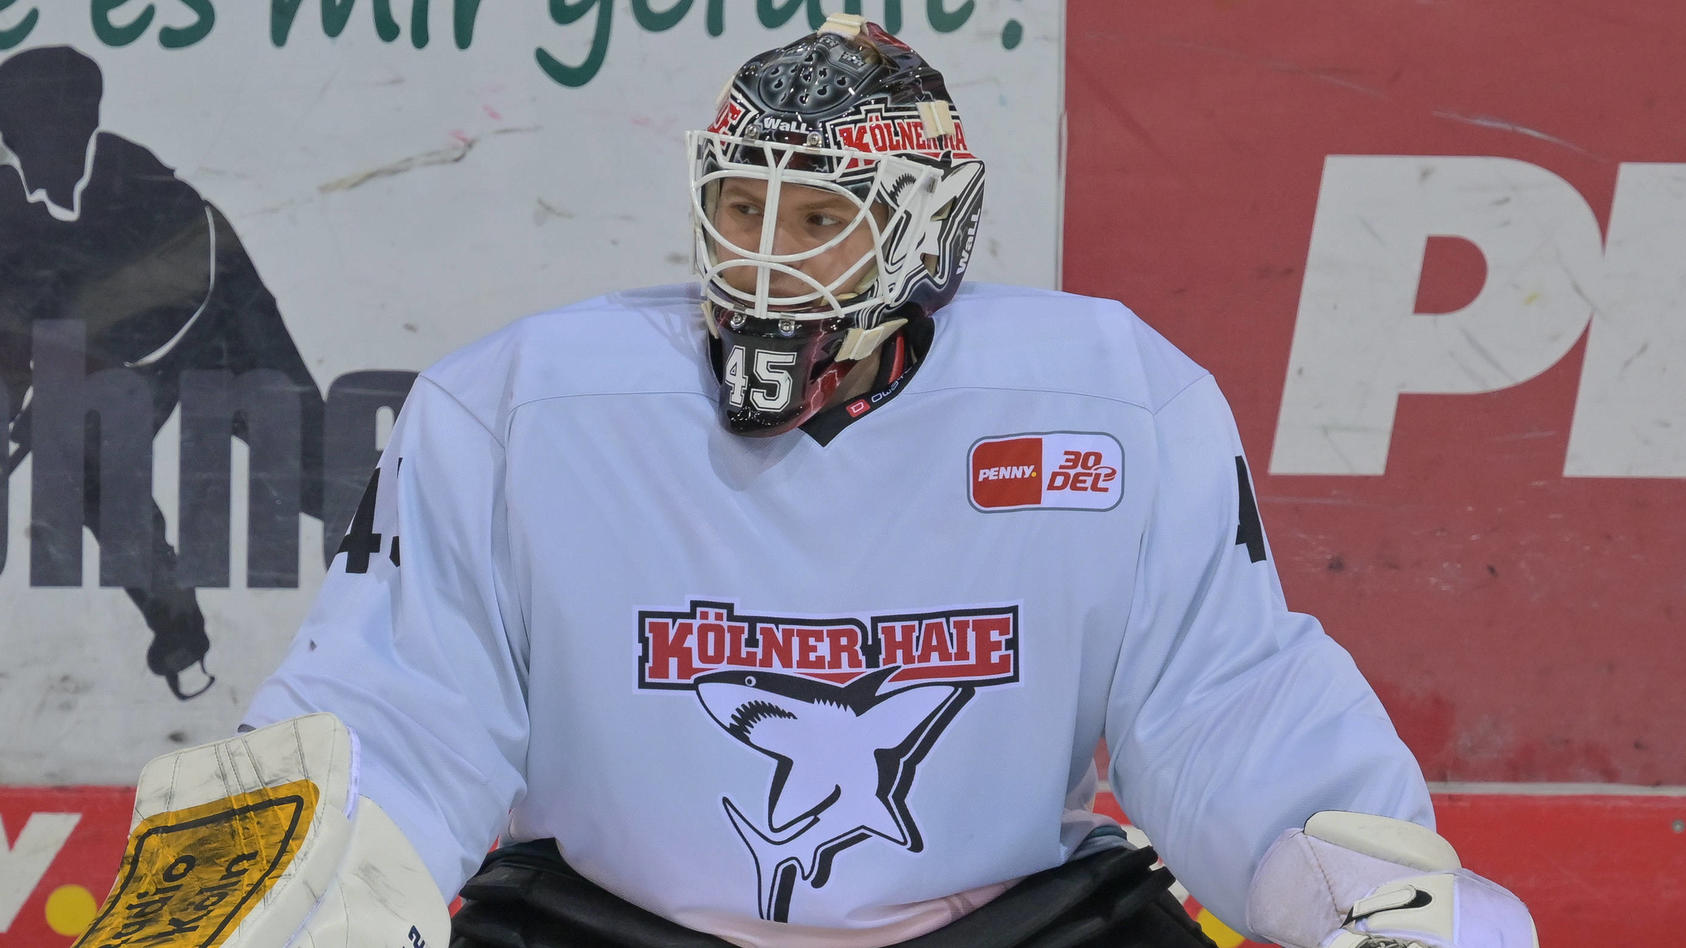 Kuriose Fahndung der Kölner Haie Eishockey-Club sucht eine Torwart-Maske
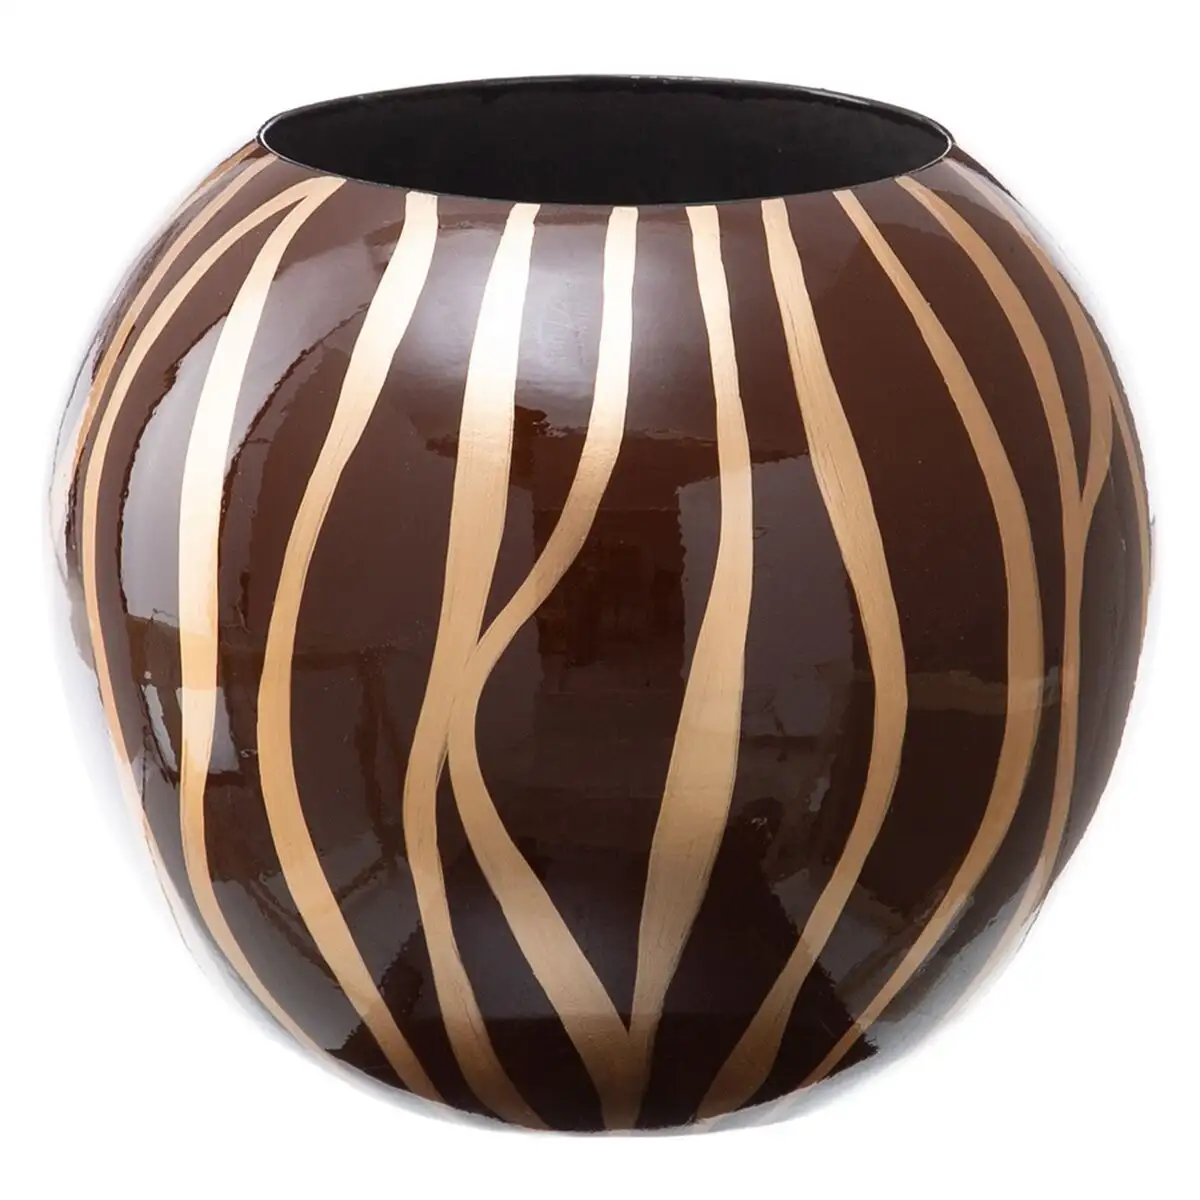 Vase 27 x 27 x 23 cm zebre ceramique dore marron_5146. DIAYTAR SENEGAL - Votre Oasis de Shopping en Ligne. Explorez notre boutique et découvrez des produits qui ajoutent une touche de magie à votre quotidien.
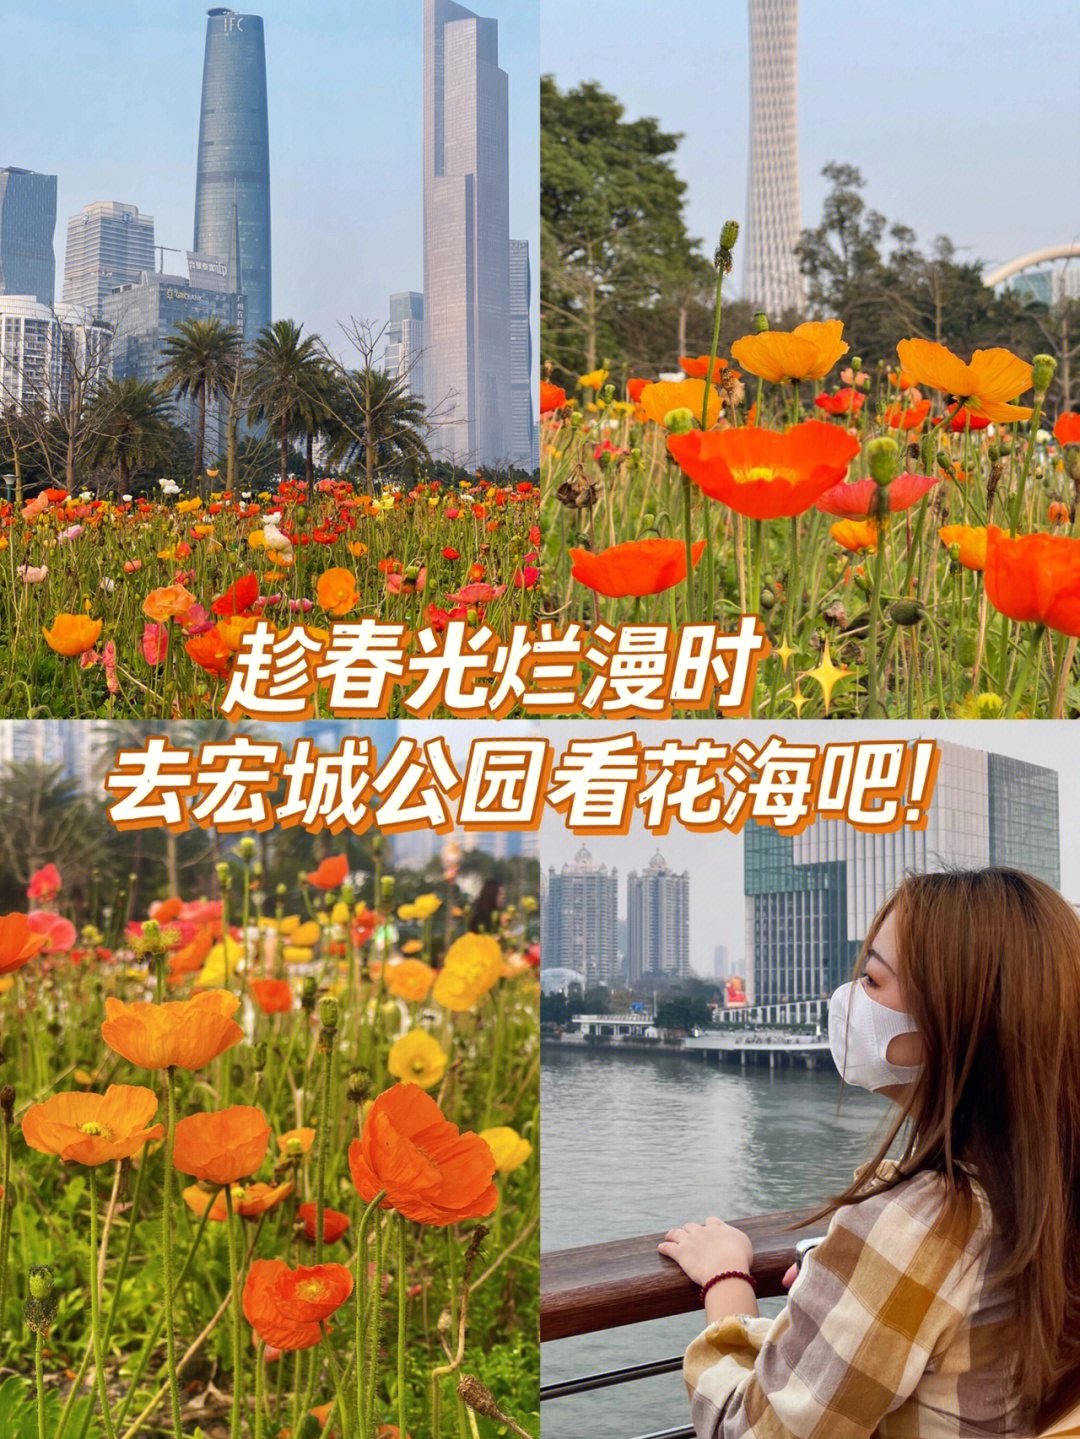 广州赏花趁春光烂漫时去宏城公园看花海
★ ★ ★ ★ ★
WHAT NEEDS TO BE DONE: Pictures stay out; output the lines from the top of the listing above through the line containing "Vase 27 x 27", exactly as they stand.

RESPONSE TO THE EXERCISE:
 Kuriose Fahndung der Kölner Haie Eishockey-Club sucht eine Torwart-Maske
 Vase 27 x 27 x 23 cm zebre ceramique dore marron_5146. DIAYTAR SENEGAL - Votre Oasis de Shopping en Ligne. Explorez notre boutique et découvrez des produits qui ajoutent une touche de magie à votre quotidien.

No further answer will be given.